Panel gets decision right, but misses mark on RDNH.
Burn World-Wide, Ltd. d/b/a BGT Partners of Miami, Florida, has lost a UDRP case to get the domain name BGT.com from Banta Global Turnkey Ltd, which is now part of RR Donnelly.
The facts of the case are pretty egregious. Banta was founded well before BGT Partners and even registered the domain name before BGT Partners was formed. The three person arbitration panel found that the domain name wasn’t registered and used in bad faith.

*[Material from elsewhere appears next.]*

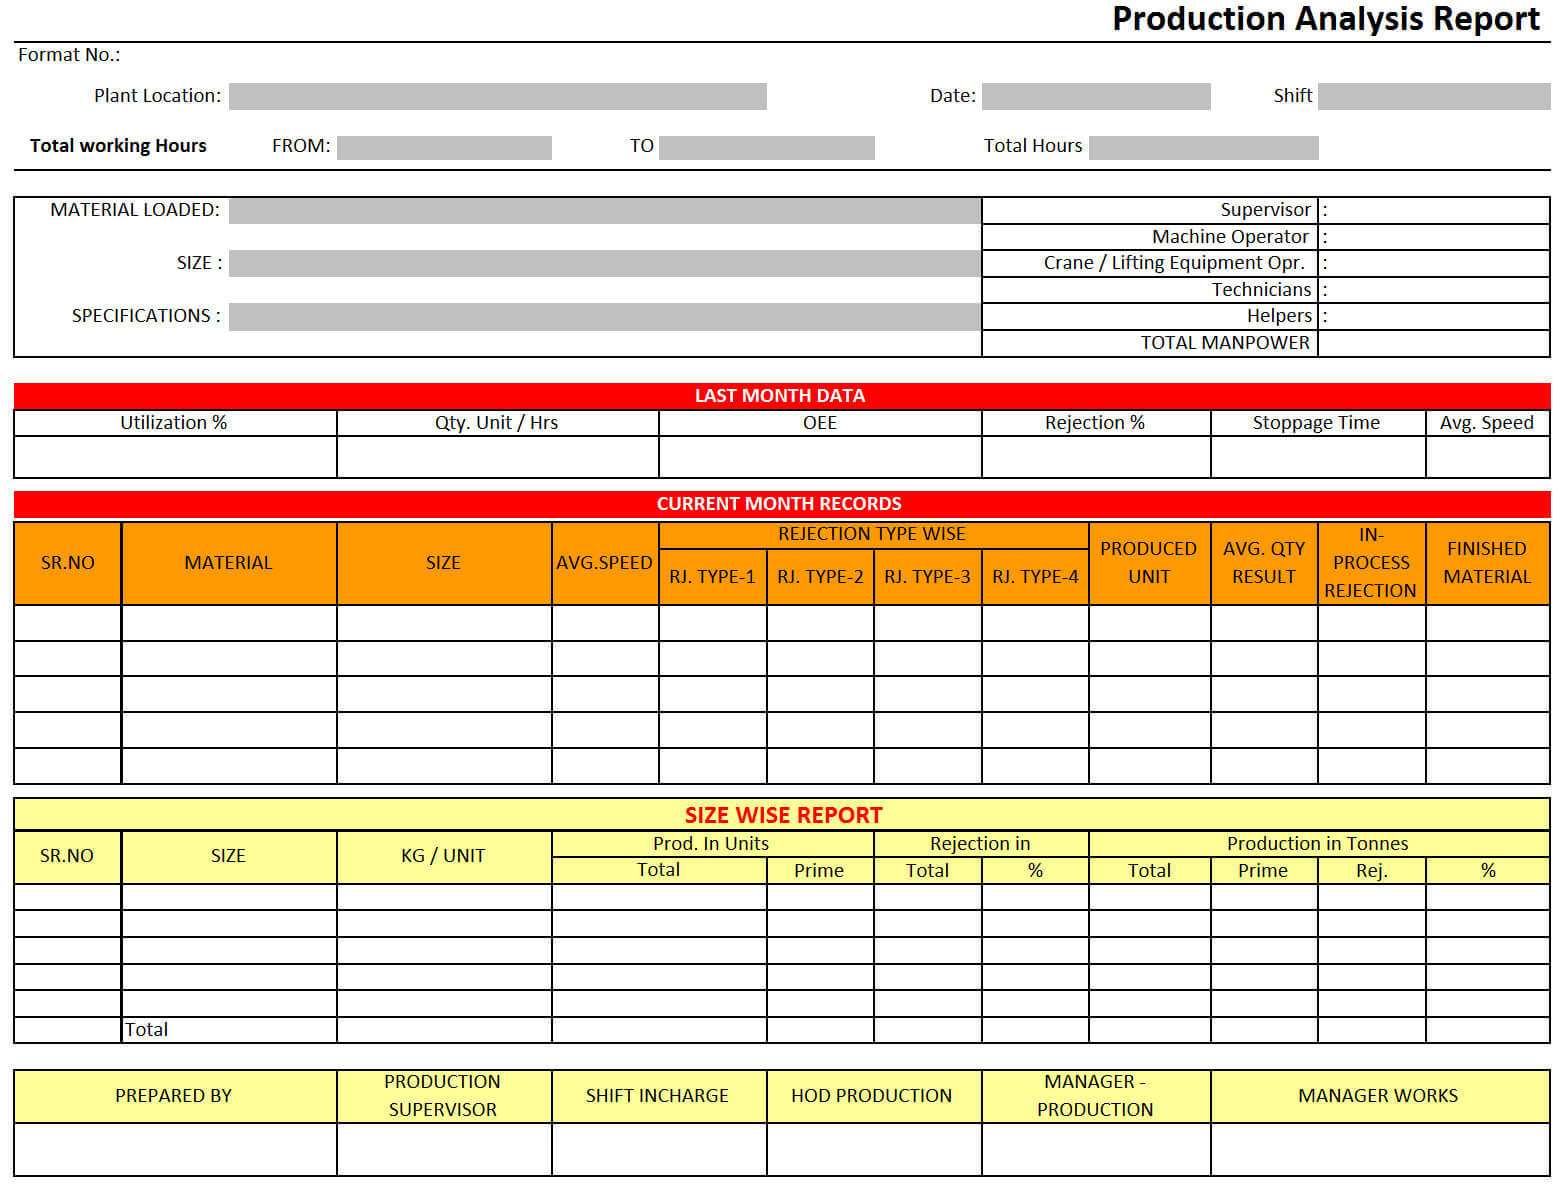 Production Analysis Report – Inside Company Analysis Report Template

But shockingly, it did not find that BGT Partners attempted reverse domain name hijacking by bringing the case.
Up front, the panel wrote that the circumstances of the case would normally constitute RDNH:
Such a finding would normally follow having regard to the longevity of the Respondent’s registration of the disputed domain name, commencing many years before the Complainant adopted its trademark.
But then it tries to rationalize why that isn’t the case here:
A number of considerations, however, lead to the conclusion that such a finding is not warranted in the present case.
First, in addition to its use for the portal, web mail and ftp server services historically provided by the Respondent, the disputed domain name has resolved since 2007 to the website which mirrors RR Donnelly’s general website which promotes a range of goods and services much wider than the activities historically conducted by the Respondent. This change was consequent on RR Donnelly acquiring Banta Corporation. It is arguable, as the Complainant contends, that the usage in relation to at least some aspects of that website may infringe the Complainant’s rights. The Panel, however, expresses no concluded view on that question in view of its findings above. Nonetheless, the Respondent has not adequately explained why the disputed domain name resolves to such a general website rather than one related to the specific services comprised in the Respondent’s business.
Moreover, the Complainant was not in a position to ascertain that the Respondent was continuing to provide its services through the disputed domain name as it would appear that knowledge of the specific subdomains being used by the Respondent, and possibly appropriate passwords, was required.
Thirdly, the Octogen and Mummygold cases could be seen as at least opening the door to the Complainant’s claim.
That’s pretty weak. Note the mention of the Octogen cases that the complainant brought up. This is the newly popular theory amongst some panelists that a domain name doesn’t have to be registered in bad faith; only used in bad faith.